The Sapir-Whorf Hypothesis holds that language and culture shape behavior and thought. The idea has a long, rich and sometimes controversial history, though recent cognitive linguistic research, together with brain imaging, has lent it new credence. Lately, I have been reflecting on the nature of linguistic relativity in scientific research, particularly for HPC and cloud computing. In particular, how has our focus on floating point operations per second (FLOPS) shaped discourse, science politics and outcomes?
Look, It's Terascale!
If I were to remark, "That is a terascale system," you would likely interpret my comment as an assessment of the system's computing performance, more specifically its floating point capabilities. For the cognoscenti, the sentence likely engenders visions of multicore systems with out of order instruction issue and deep pipelining, small clusters with fast interconnects and (perhaps) some accelerators such as GPUs. You might even reflect on the historical evolution of high-performance computing, when a terascale system was ranked first on the Top500 list about a decade ago.

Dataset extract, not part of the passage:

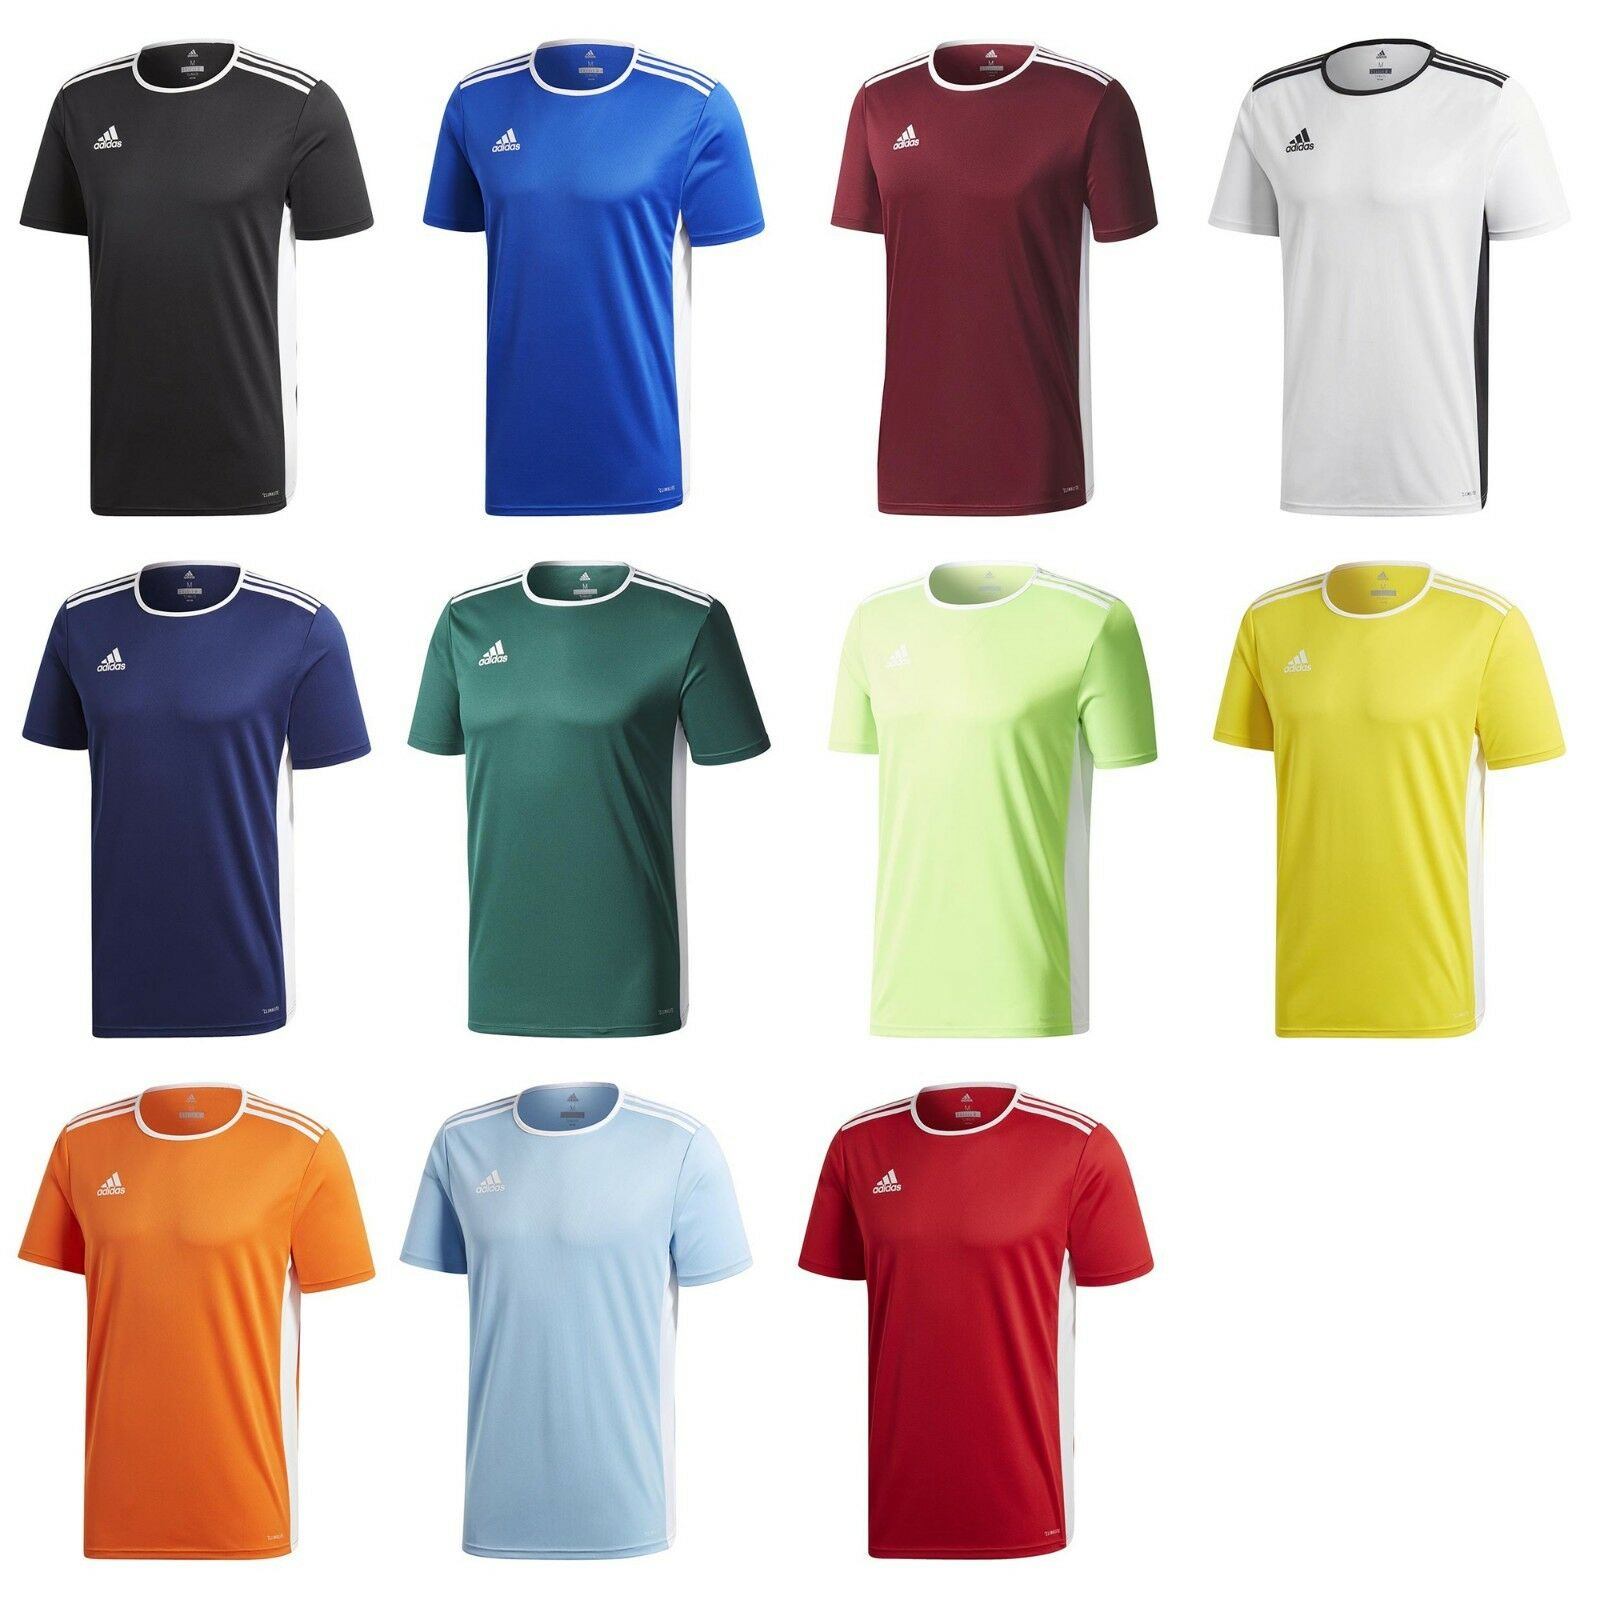 Maillot Adidas T shirt Entrada 18 Tee 036 XL   Achetez sur eBay

Given my remark, you would be unlikely to eye your desktop computer with its terascale (terabyte) commodity disk drive. Yet, based on its storage capacity, that desktop is just as surely a terascale platform as is the compute cluster. Ah, you say, I have mixed capacity (bytes) with capability (operations). Terabyte per second storage systems are rare, you say. Absolutely true, yet as this bit of third rate linguistic legerdemain illustrates, language and, perhaps more importantly, connotation really does trump denotation in our discourse.
Whether Petascale and Exascale?
Today, the world's fastest computing platforms have broken the one petaflop mark on the high-performance Linpack (HPL) benchmark, and planning groups across the United States, Europe and Asia are debating political and technical approaches for the construction of exascale computing systems. I cannot help but wonder, though, why we in technical computing talk so little about petascale and exascale data platforms? Why is there no international initiative to build a low latency, high bandwidth (many terabytes/second to even a petabyte/second) data analysis engine with multiple exabytes of storage capacity?

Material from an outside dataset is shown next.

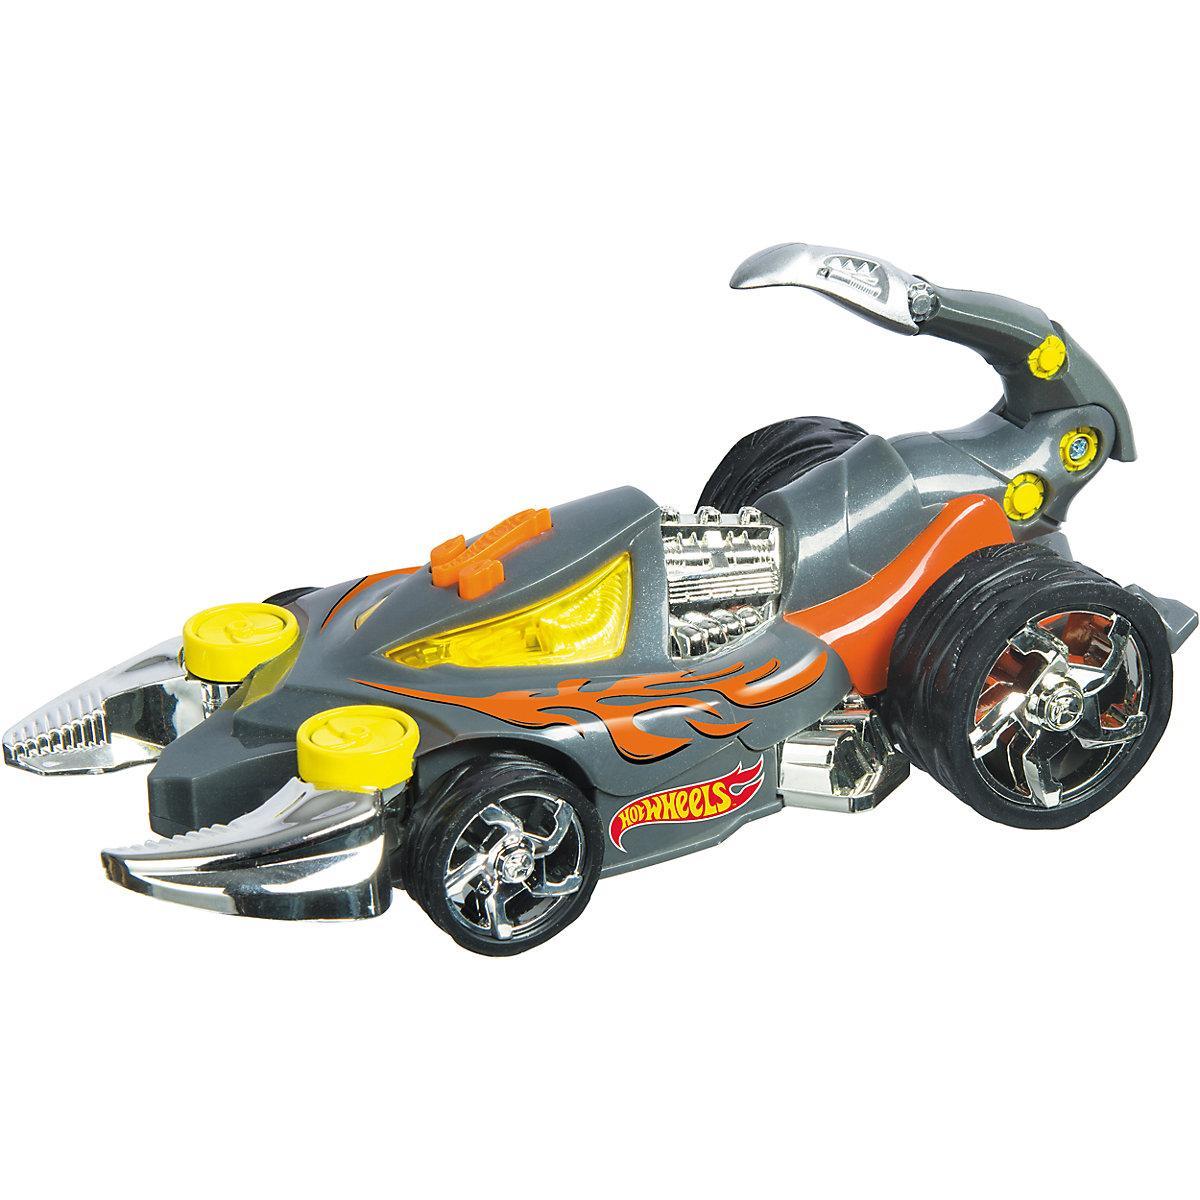 Машина Хот Вилс Hot Wheels скорпион горячие колеса свет и звук 23 см Monster Action - Scorpedo 90512

I suspect the reason lies in our background and linguistic heritage. Most of us in high-performance computing came from mathematical backgrounds, where success was defined by a proof and an equation and their embodiment in a computational model, rather than by insight gleaned from large-scale data analysis. I believe it is time we found a lingua franca that bridges FLOPS and bytes and reclaim the full connotation of exascale.
I Want My Exabytes
It is worth remembering that the explosive growth of observational data is itself largely a product of inexpensive CMOS sensors, based on the same semiconductor technologies that begot microprocessors. The examples of high resolution instruments are legion, from the Large Hadron Collider (LHC) and its international hierarchy of data archives to the proposed Square Kilometer Array (SKA) radio telescope, which may produce as much as an exabyte of data every few days. This data tsunami is not limited to the physical sciences; the biological and social sciences are being inundated as well.
One of the major lessons from web search and cloud data centers is the power of truly massive scale, near real-time data analysis. When anyone with a cheap cell phone and a web browser can extract data and insights from a non-trivial fraction of the human knowledge base, behavior and culture are transformed. I would like to believe that we can bring the same data-driven analytics to scientific research as are routinely exploited to find a good lasagna recipe. We need a balanced exascale initiative, in every sense of the word, lest we be a technical confirmation of the Sapir-Whorf hypothesis.